** DATA IN THIS EXERCISE follows **
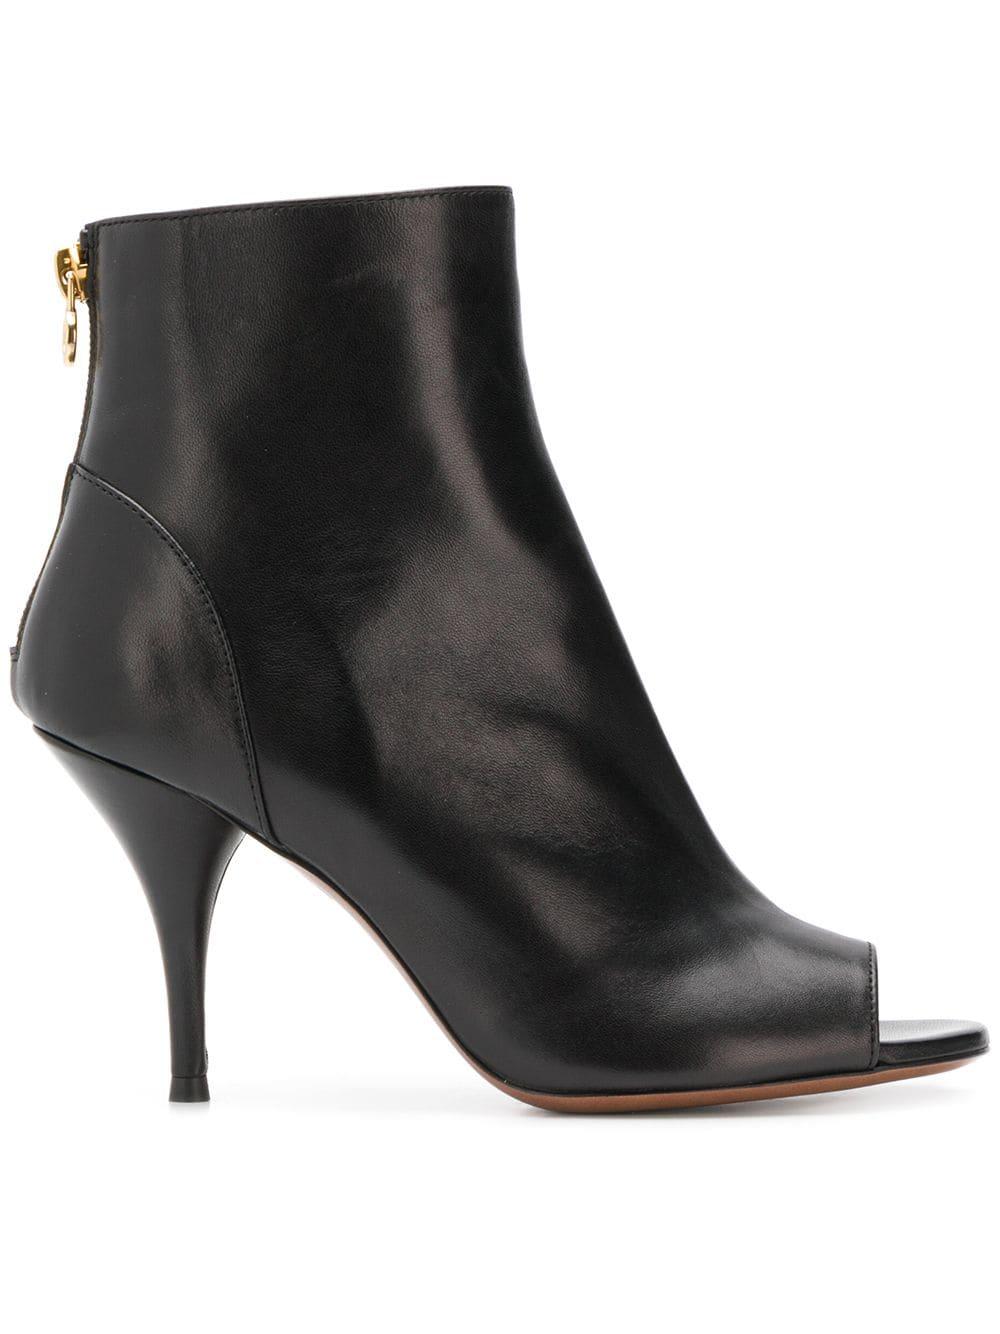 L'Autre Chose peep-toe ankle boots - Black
** End of DATA IN THIS EXERCISE **
** DATA IN THIS EXERCISE follows **
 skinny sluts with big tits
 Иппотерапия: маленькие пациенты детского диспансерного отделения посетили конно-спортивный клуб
** End of DATA IN THIS EXERCISE **
• [INSTRUCTIONS TO FOLLOW] Would you please copy exactly the part of the entries above that begins at the line containing "skinny sluts with big tits" and ends at the line containing "Иппотерапия: маленькие пациенты", both lines included?

• [RESULT OF THE TASK]
 skinny sluts with big tits
 Иппотерапия: маленькие пациенты детского диспансерного отделения посетили конно-спортивный клуб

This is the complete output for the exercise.